The taxol caused her to lose her eyebrows and eyelashes, as well as her fingernails and toenails and she developed neuropathy in her fingers and toes. After her third treatment of taxol, she passed out in the driveway, so her doctor stopped the chemo and said she was ready for her mastectomy.

“I had my surgery Jan. 3, and the doctor held my hand as I went in and told me when I woke up, I would be cancer free. I cried when she said that,” Martuccio said.


However, she still had to have radiation. The doctor removed her left breast and all her lymph nodes — 23 of the 28 were cancerous. She had surgery in her armpit to keep her arm from getting stiff and has to go to physical therapy because she does not have full range of motion.

She had an expander inserted after her first round of radiation to balance her breasts, but it got infected and she had to have it removed.
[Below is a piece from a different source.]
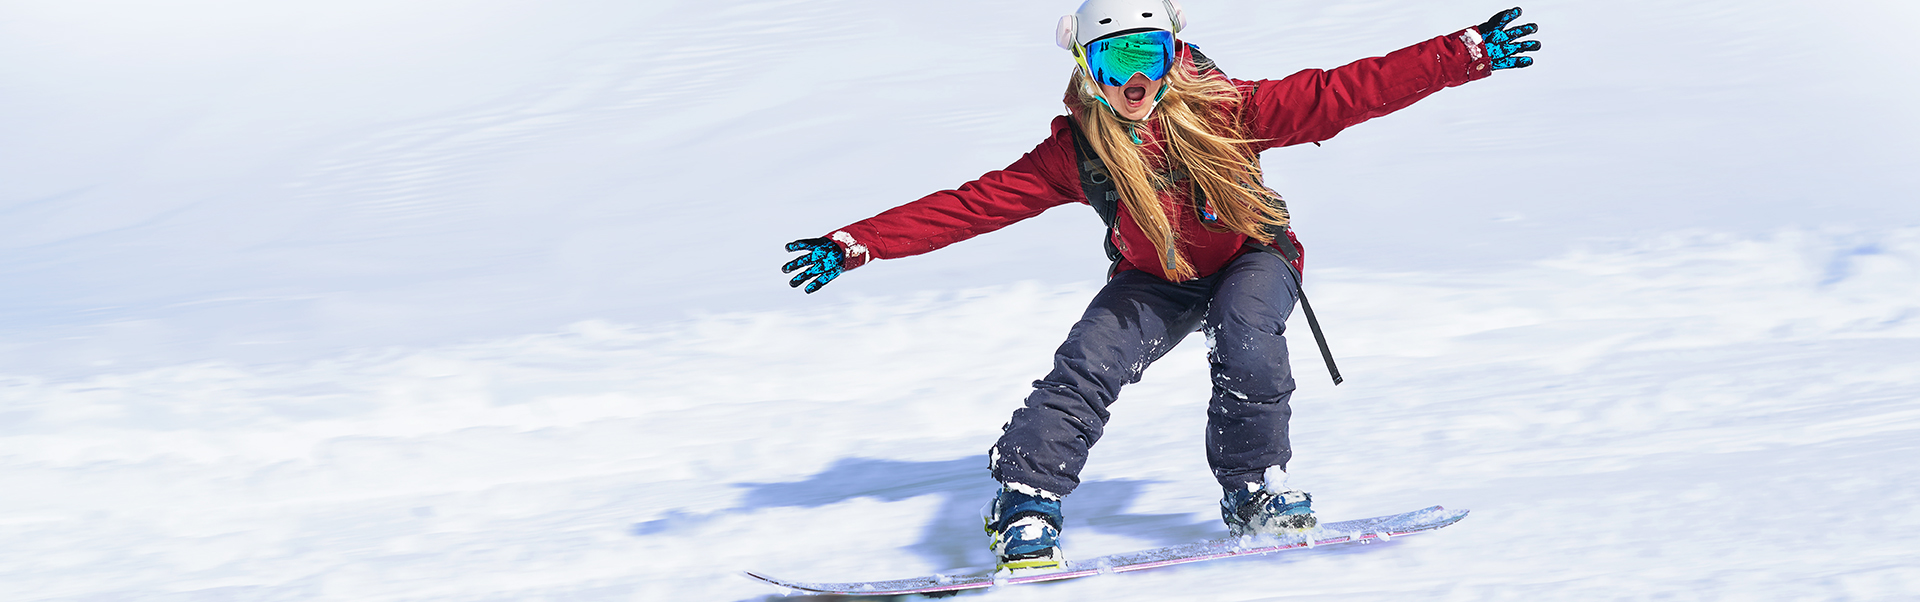 Flicka som åker snowboard

Her surgery was scheduled for March 11, which is when the COVID-19 pandemic shut down everything, so her family could not be with her. Because of the setback, she had to start radiation again and afterward, she planned to start having reconstructive surgery on Sept. 25. However, she had a full hysterectomy July 9 because the chance of her cancer returning somewhere else is very high and the most likely areas are blood, bone, brain, lungs and ovaries, her doctor told her.

Her reconstructive surgery now is planned for January. It will involve four surgeries, with one every three months. She works in sales for a salon supplier and was furloughed during the height of COVID-19, but she still had insurance and has since been called back to work.

“I find that having a positive attitude helps. I can count on one hand the number of times I’ve cried over this,” Martuccio said. “I am a grab-the-bull-by-the-horns type of person and because I am single with no children, I can focus on myself and getting better. My faith is bigger than my fear.”

Martuccio is a 1998 graduate of Girard High School and is a member of St. Rose Church. She is the youngest of five children.

“I have a great support system, and I feel bad for the patients who don’t,” she said.

Martuccio said her doctor told her the life expectancy for someone with triple-negative breast cancer is five years, and it takes about two-and-a-half years for the cancer to rear itself in another place. But Martuccio said she is not about to give up.

“I come from a family of fighters. This is what we do. We have stuff happen, and we overcome. That is my plan.”